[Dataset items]
******

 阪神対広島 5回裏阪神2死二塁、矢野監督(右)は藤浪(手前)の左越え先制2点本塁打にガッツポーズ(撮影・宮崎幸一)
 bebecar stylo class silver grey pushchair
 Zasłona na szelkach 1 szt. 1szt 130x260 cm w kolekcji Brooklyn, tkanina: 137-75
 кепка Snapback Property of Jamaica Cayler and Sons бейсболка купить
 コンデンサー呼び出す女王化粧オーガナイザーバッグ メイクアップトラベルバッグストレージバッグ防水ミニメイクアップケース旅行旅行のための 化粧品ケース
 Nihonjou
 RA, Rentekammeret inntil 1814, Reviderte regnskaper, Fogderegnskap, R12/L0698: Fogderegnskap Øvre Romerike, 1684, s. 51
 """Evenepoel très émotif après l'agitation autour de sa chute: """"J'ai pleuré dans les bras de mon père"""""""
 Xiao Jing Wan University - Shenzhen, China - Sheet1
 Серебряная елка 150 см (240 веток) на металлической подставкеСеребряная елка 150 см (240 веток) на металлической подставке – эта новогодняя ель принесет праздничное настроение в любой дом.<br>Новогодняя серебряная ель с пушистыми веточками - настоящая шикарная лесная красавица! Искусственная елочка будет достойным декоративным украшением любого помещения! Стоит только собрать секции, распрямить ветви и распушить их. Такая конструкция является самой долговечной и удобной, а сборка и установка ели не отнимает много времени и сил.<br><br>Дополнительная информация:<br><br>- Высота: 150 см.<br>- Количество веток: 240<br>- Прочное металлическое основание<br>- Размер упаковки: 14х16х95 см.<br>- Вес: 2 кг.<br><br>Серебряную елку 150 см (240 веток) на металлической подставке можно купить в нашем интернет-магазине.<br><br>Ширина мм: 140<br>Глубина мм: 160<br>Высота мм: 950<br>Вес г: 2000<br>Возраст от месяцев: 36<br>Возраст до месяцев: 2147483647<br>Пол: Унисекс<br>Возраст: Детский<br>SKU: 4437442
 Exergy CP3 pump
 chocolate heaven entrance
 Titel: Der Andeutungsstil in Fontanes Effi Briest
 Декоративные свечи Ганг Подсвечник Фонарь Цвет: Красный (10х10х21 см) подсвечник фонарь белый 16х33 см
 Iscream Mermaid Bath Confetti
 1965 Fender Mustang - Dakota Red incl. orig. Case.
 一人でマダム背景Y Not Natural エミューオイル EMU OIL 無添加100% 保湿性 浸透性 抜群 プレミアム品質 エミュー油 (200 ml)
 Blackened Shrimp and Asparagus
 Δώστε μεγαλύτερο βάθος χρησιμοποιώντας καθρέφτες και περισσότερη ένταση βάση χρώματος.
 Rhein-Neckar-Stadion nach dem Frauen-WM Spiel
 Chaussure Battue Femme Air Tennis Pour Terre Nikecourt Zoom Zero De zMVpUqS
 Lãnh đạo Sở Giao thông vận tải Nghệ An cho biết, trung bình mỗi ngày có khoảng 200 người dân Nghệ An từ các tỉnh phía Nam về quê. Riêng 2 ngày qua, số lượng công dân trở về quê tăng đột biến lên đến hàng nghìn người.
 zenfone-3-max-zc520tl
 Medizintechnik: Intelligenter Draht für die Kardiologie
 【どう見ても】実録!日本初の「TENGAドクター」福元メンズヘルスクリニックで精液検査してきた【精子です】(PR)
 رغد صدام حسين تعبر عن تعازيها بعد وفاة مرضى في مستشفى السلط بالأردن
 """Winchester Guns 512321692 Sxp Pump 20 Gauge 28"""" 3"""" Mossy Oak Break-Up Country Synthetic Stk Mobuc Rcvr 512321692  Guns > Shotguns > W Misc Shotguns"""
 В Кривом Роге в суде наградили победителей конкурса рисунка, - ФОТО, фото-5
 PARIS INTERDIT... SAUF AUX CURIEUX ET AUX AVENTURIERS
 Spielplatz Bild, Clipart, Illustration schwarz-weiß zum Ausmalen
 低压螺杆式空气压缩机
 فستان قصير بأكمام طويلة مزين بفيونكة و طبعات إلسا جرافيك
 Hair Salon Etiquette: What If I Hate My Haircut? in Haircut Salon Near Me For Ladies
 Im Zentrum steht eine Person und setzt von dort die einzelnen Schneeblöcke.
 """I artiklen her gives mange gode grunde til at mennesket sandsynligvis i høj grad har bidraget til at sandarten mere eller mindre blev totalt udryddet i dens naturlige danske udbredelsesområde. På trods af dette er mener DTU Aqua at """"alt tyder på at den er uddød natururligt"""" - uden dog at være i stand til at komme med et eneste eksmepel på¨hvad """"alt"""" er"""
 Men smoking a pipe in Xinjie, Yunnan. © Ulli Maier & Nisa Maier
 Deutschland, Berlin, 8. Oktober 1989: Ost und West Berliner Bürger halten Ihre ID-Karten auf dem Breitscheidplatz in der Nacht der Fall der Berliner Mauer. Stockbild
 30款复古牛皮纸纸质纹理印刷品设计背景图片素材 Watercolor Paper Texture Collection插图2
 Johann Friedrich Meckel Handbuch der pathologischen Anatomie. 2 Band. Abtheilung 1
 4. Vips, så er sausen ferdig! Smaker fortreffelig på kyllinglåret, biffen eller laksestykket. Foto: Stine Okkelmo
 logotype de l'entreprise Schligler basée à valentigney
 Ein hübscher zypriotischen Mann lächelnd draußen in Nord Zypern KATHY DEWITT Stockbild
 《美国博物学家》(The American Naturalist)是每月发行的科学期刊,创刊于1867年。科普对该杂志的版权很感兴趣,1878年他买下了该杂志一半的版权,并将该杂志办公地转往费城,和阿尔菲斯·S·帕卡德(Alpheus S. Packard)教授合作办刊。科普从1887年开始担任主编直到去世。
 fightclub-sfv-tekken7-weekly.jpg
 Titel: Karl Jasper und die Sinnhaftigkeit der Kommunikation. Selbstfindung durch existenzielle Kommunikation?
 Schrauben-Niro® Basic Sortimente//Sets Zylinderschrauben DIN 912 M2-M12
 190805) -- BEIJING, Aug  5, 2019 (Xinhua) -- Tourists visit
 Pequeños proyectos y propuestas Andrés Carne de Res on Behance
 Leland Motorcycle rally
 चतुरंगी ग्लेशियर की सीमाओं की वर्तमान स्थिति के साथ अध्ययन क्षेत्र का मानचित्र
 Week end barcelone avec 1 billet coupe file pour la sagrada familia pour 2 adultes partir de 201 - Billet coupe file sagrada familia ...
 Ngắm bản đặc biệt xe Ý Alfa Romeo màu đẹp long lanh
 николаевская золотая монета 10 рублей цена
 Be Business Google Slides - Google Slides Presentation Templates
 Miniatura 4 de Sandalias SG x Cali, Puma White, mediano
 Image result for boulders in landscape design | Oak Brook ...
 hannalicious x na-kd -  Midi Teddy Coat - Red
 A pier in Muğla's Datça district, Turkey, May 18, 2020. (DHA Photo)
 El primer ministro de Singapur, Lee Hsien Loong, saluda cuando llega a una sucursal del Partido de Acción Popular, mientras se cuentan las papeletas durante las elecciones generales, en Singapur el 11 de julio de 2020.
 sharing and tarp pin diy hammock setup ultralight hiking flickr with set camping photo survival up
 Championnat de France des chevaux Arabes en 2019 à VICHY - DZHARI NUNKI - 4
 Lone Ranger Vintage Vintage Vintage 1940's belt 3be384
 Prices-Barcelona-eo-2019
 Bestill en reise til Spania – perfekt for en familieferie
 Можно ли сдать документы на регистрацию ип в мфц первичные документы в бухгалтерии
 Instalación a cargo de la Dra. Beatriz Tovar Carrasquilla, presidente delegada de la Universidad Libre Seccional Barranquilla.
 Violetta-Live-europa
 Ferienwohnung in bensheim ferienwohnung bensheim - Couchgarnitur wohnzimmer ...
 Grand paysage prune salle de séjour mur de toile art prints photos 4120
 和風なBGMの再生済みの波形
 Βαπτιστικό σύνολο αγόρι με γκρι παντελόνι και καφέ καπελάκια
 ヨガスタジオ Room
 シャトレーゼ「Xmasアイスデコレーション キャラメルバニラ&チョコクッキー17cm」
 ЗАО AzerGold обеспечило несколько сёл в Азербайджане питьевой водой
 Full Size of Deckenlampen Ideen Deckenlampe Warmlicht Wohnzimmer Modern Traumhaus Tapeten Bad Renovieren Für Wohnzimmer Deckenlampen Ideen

******

## ACTION ITEM
Check each line of the data above for the word "Stockbild" and copy the ones where it is found.

## OUTPUT OF THE EXERCISE
 Deutschland, Berlin, 8. Oktober 1989: Ost und West Berliner Bürger halten Ihre ID-Karten auf dem Breitscheidplatz in der Nacht der Fall der Berliner Mauer. Stockbild
 Ein hübscher zypriotischen Mann lächelnd draußen in Nord Zypern KATHY DEWITT Stockbild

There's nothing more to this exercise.